Thanks for the above answers. Special thanks to those who helped in the comment section, it helped a lot.
I forgot to post the answer I did that time. Here's the rust implementation below. I also did a nextjs implementation too. My idea was to develop it for other similar languages.
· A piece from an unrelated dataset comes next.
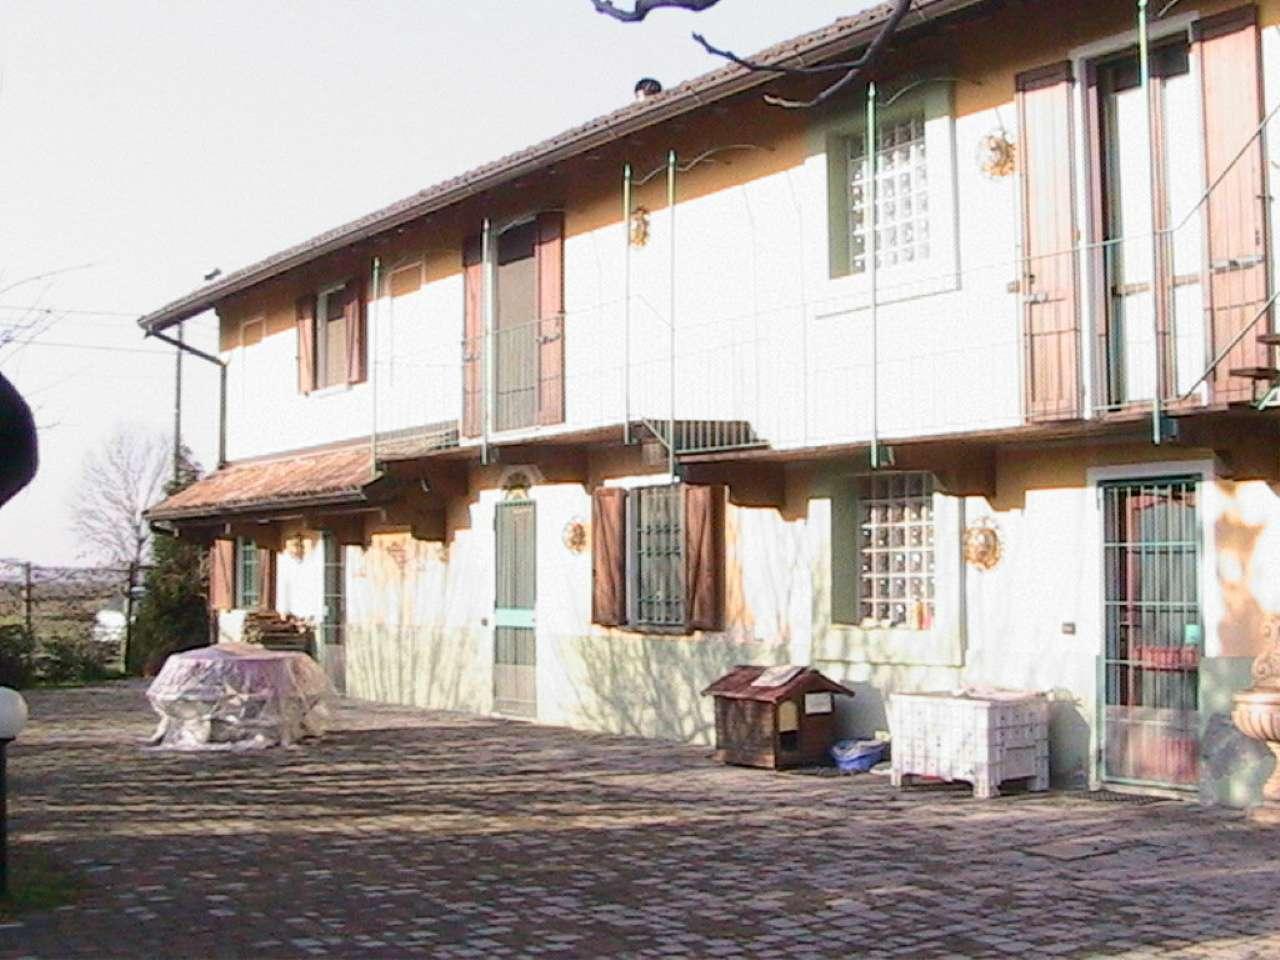 Rustico / Casale in vendita a Mortara, 8 locali, prezzo € 250.000   CambioCasa.it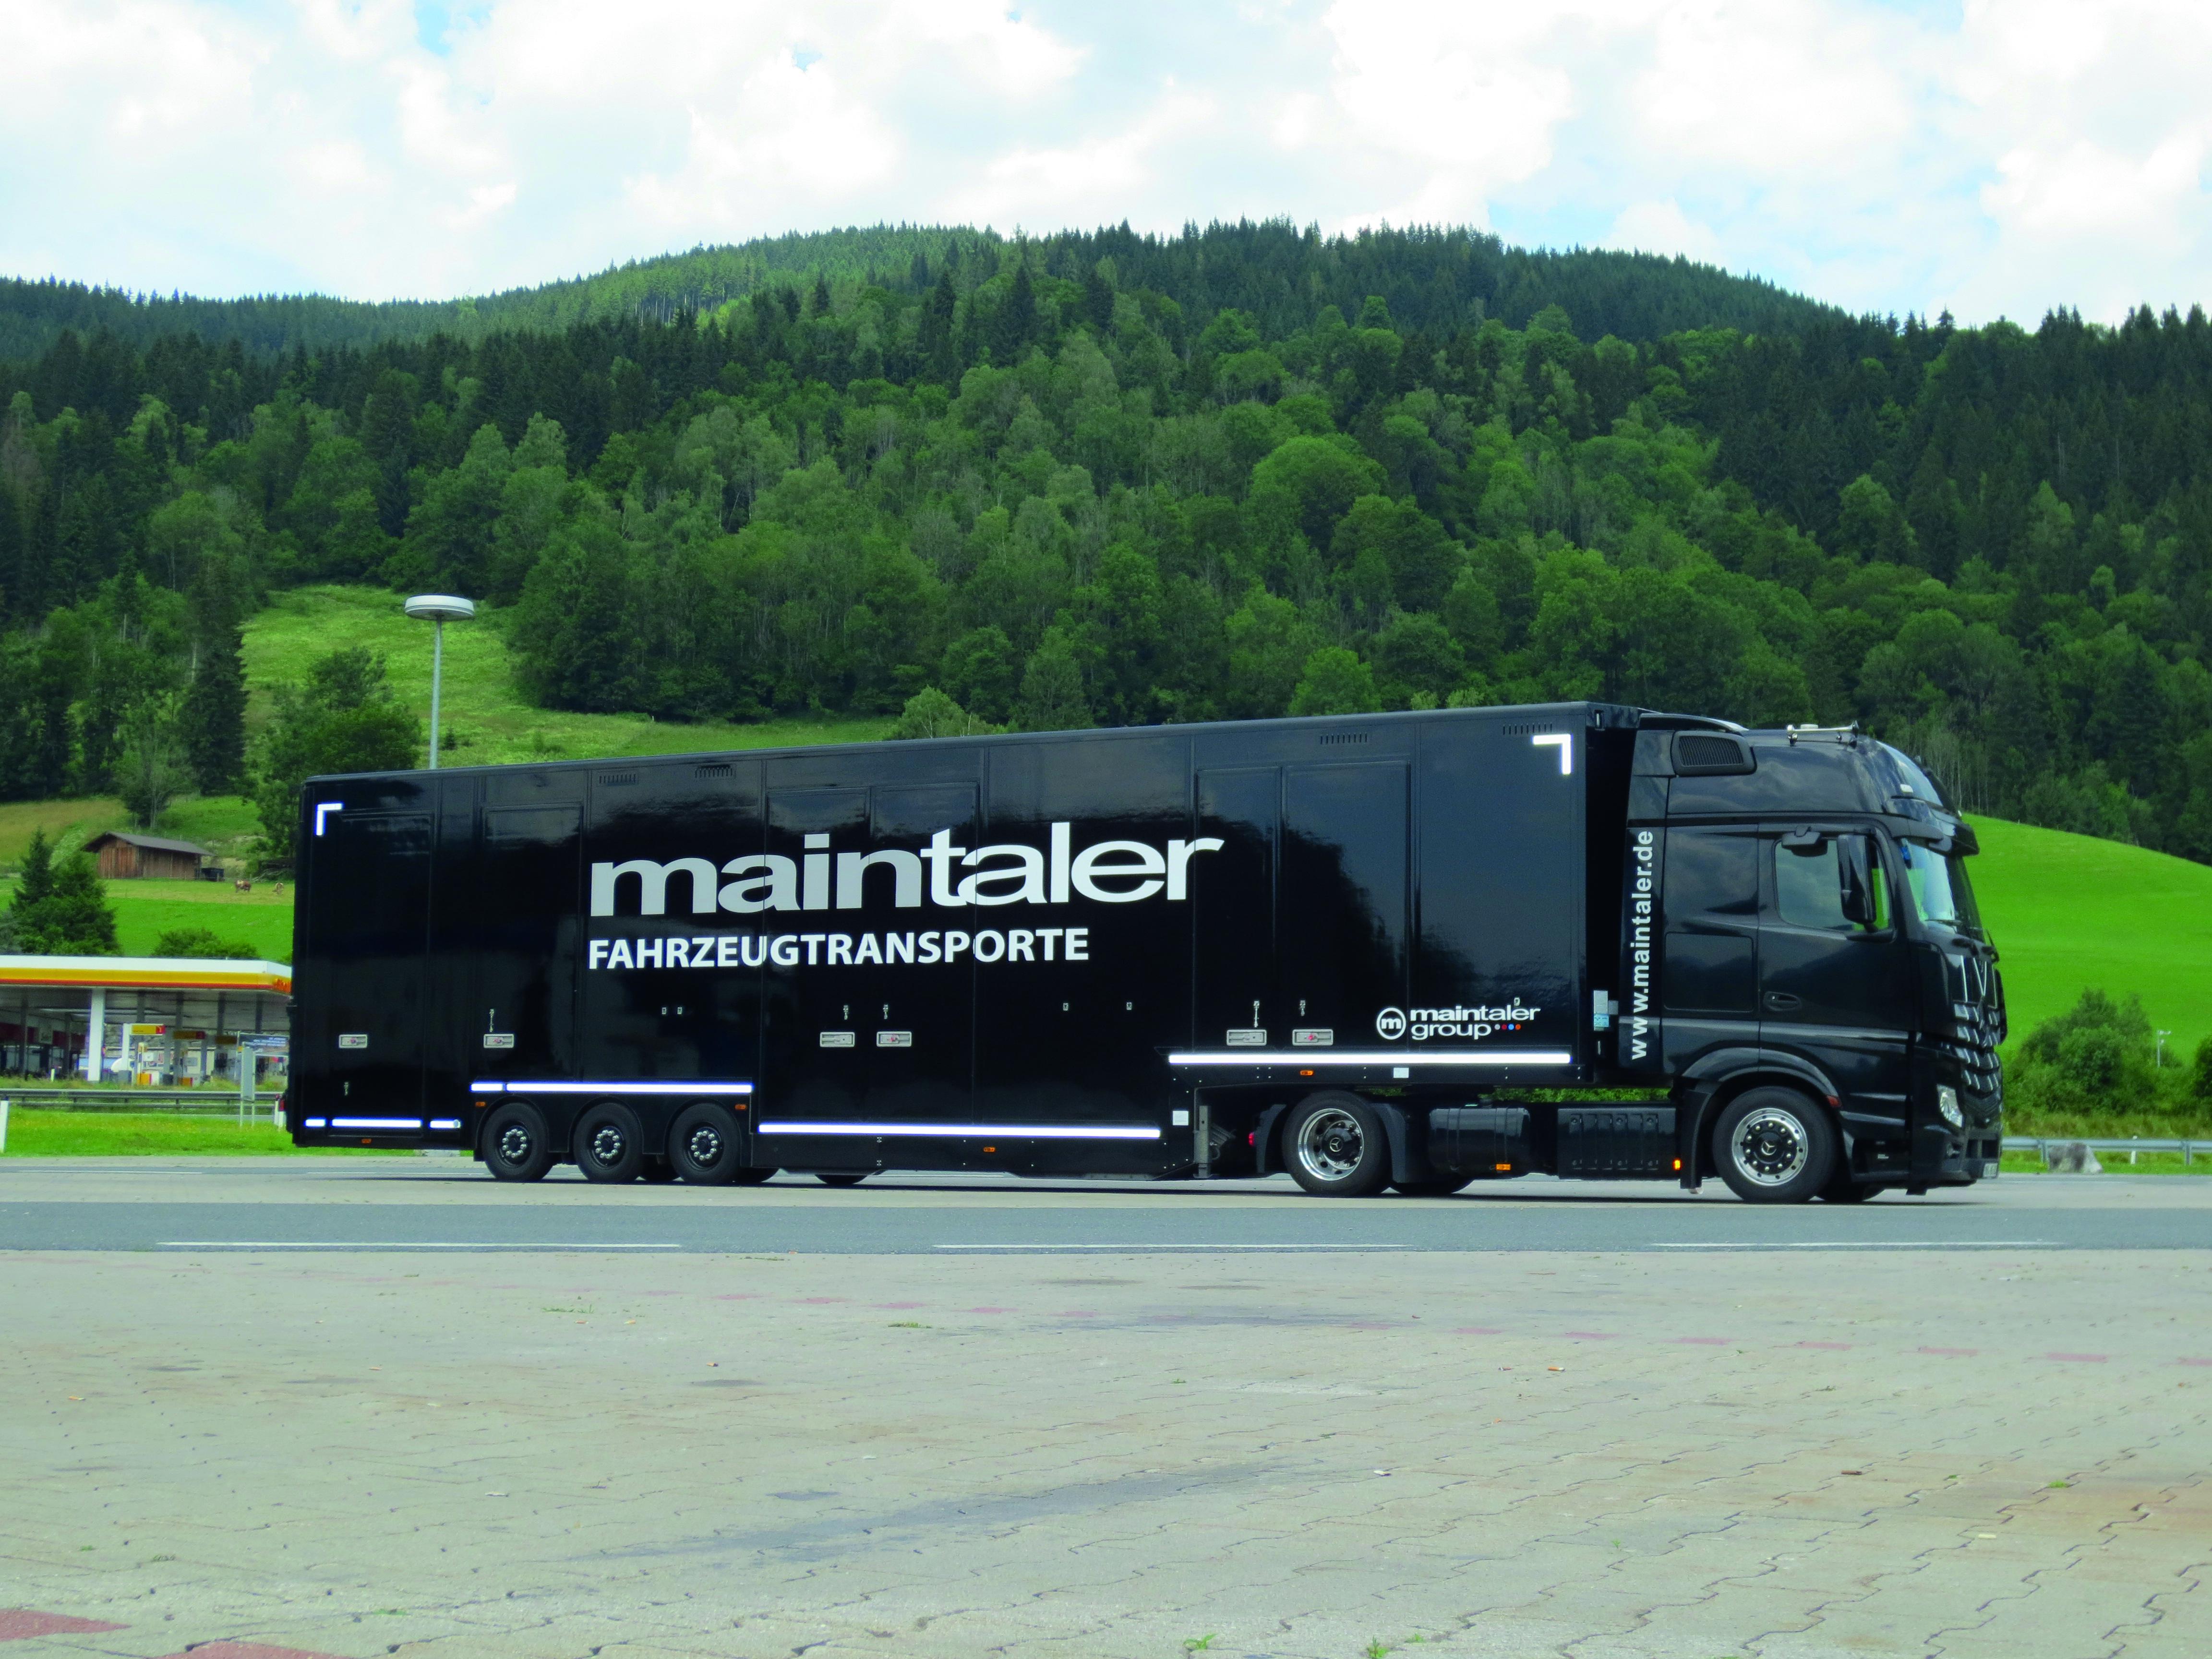 Maintaler-Fahrzeugtransporte

But got busy with other projects. :(
use unicode_segmentation::UnicodeSegmentation;
// Define a struct that holds a grapheme iterator
struct DevanagariSplitter<'a> {
graphemes: std::iter::Peekable<unicode_segmentation::Graphemes<'a>>,
}
// Implement Iterator trait for DevanagariSplitter
impl<'a> Iterator for DevanagariSplitter<'a> {
type Item = String;
fn next(&mut self) -> Option<Self::Item> {
// Get the next grapheme from the iterator
let mut akshara = match self.graphemes.next() {
Some(g) => g.to_string(),
None => return None,
};
// Check if the grapheme ends with a virama
if akshara.ends_with('\u{094D}') {
// Peek at the next grapheme and see if it starts with a letter
if let Some(next) = self.graphemes.peek() {
if next.starts_with(|c: char| c.is_alphabetic()) {
// Append the next grapheme to the current one
akshara.push_str(self.graphemes.next().unwrap());
}
}
}
// Return the akshara as an option
Some(akshara)
}
}
// Define a function that takes a string and returns an DevanagariSplitter
fn aksharas(s: &str) -> DevanagariSplitter {
// Use UnicodeSegmentation to split the string into graphemes
let graphemes = s.graphemes(true).peekable();
// Create and return an DevanagariSplitter from the graphemes
DevanagariSplitter { graphemes }
}
fn main() {
// Define an input string in devanagari script
let input = "हिन्दी मुख्यमंत्री हिमंत";
// Print each akshara separated by spaces using aksharas function
for akshara in aksharas(input) {
print!("{} ", akshara);
}
}
// The output of this code is:
// "हि न्दी मु ख्य मं त्री हि मं त"